Temporal and histological evaluation of melatonin patterns in a 'basal' metazoan.

While recent advances suggest functional pleiotropy of melatonin in higher organisms, an understanding of the biological significance of this ancient molecule in early evolutionary groups is lacking. Here, endogenous melatonin production was identified for the first time in the sea anemone Actinia equina, a nonsymbiotic hexacorallian cnidarian. Day/night activity profiles of melatonin in this anemone indicated that melatonin levels oscillate with significant nocturnal peaks. However, dynamic changes in melatonin concentration did not persist under constant dark conditions and therefore were not circadian in nature. Thus, the oscillating pattern of melatonin in A. equina is presumed to be the result of alternative, simpler melatonin control mechanism that likely involves direct regulation by the daily photocycle. As nocturnal melatonin signals still potentially provide 'time-of-day' information and can illustrate the seasonally changing length of the biological night, we hypothesize that melatonin may be relevant to temporal coordination of timed processes also in anthozoans. Spatial patterns of melatonin distribution found in this study indicate abundant melatonin distribution in the endodermal filaments wrapped around gametes. This finding supports the possibility that one of the melatonin-responsive processes in this basal metazoan species may involve reproductive functions.

Melatonin distribution reveals clues to its biological significance in basal metazoans.

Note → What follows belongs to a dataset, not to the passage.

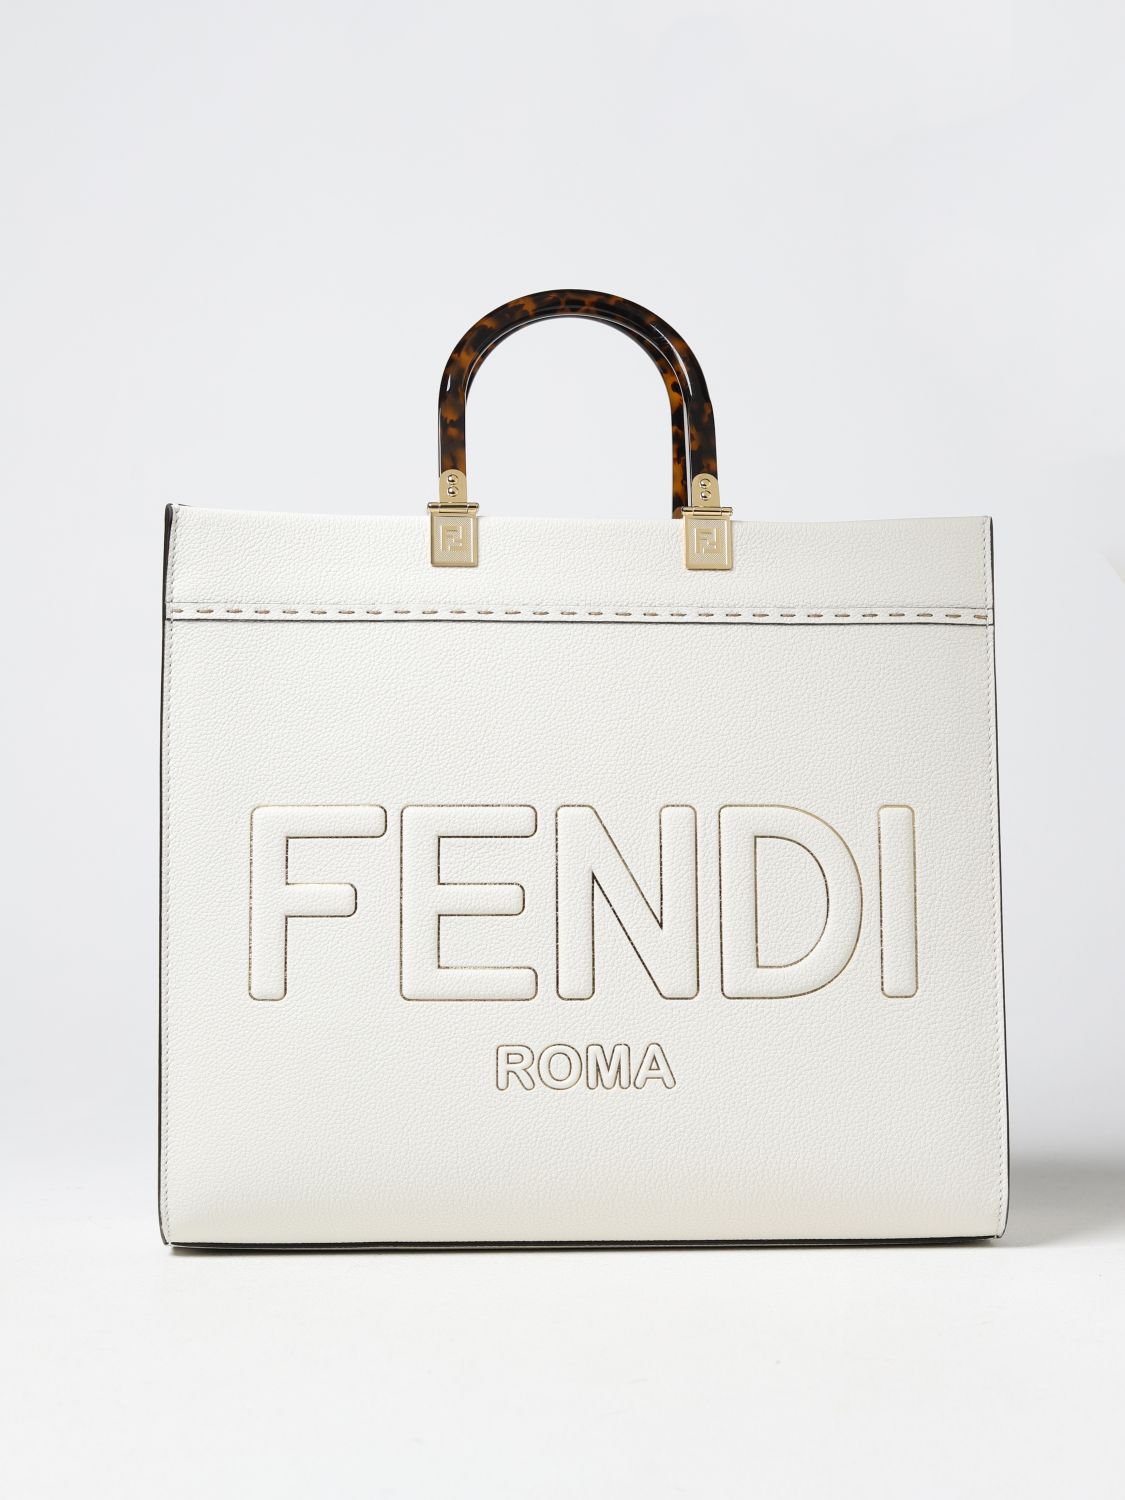 FENDI ROMA Tote bag for Women

Although nearly ubiquitous in nature, the precise biological significance of endogenous melatonin is poorly understood in phylogenetically basal taxa. In the present work, we describe insights into the functional role of melatonin at the most "basal" level of metazoan evolution. Hitherto unknown morphological determinants of melatonin distribution were evaluated in Nematostella vectensis by detecting melatonin immunoreactivity and examining the spatial gene expression patterns of putative melatonin biosynthetic and receptor elements that are located at opposing ends of the melatonin signaling pathway. Immuno-melatonin profiling indicated an elaborate interaction with reproductive tissues, reinforcing previous conjectures of a melatonin-responsive component in anthozoan reproduction. In situ hybridization (ISH) to putative melatonin receptor elements highlighted the possibility that the bioregulatory effects of melatonin in anthozoan reproduction may be mediated by interactions with membrane receptors, as in higher vertebrates. Another intriguing finding of the present study pertains to the prevalence of melatonin in centralized nervous structures. This pattern may be of great significance given that it 1) identifies an ancestral association between melatonin and key neuronal components and 2) potentially implies that certain effects of melatonin in basal species may be spread widely by regionalized nerve centers.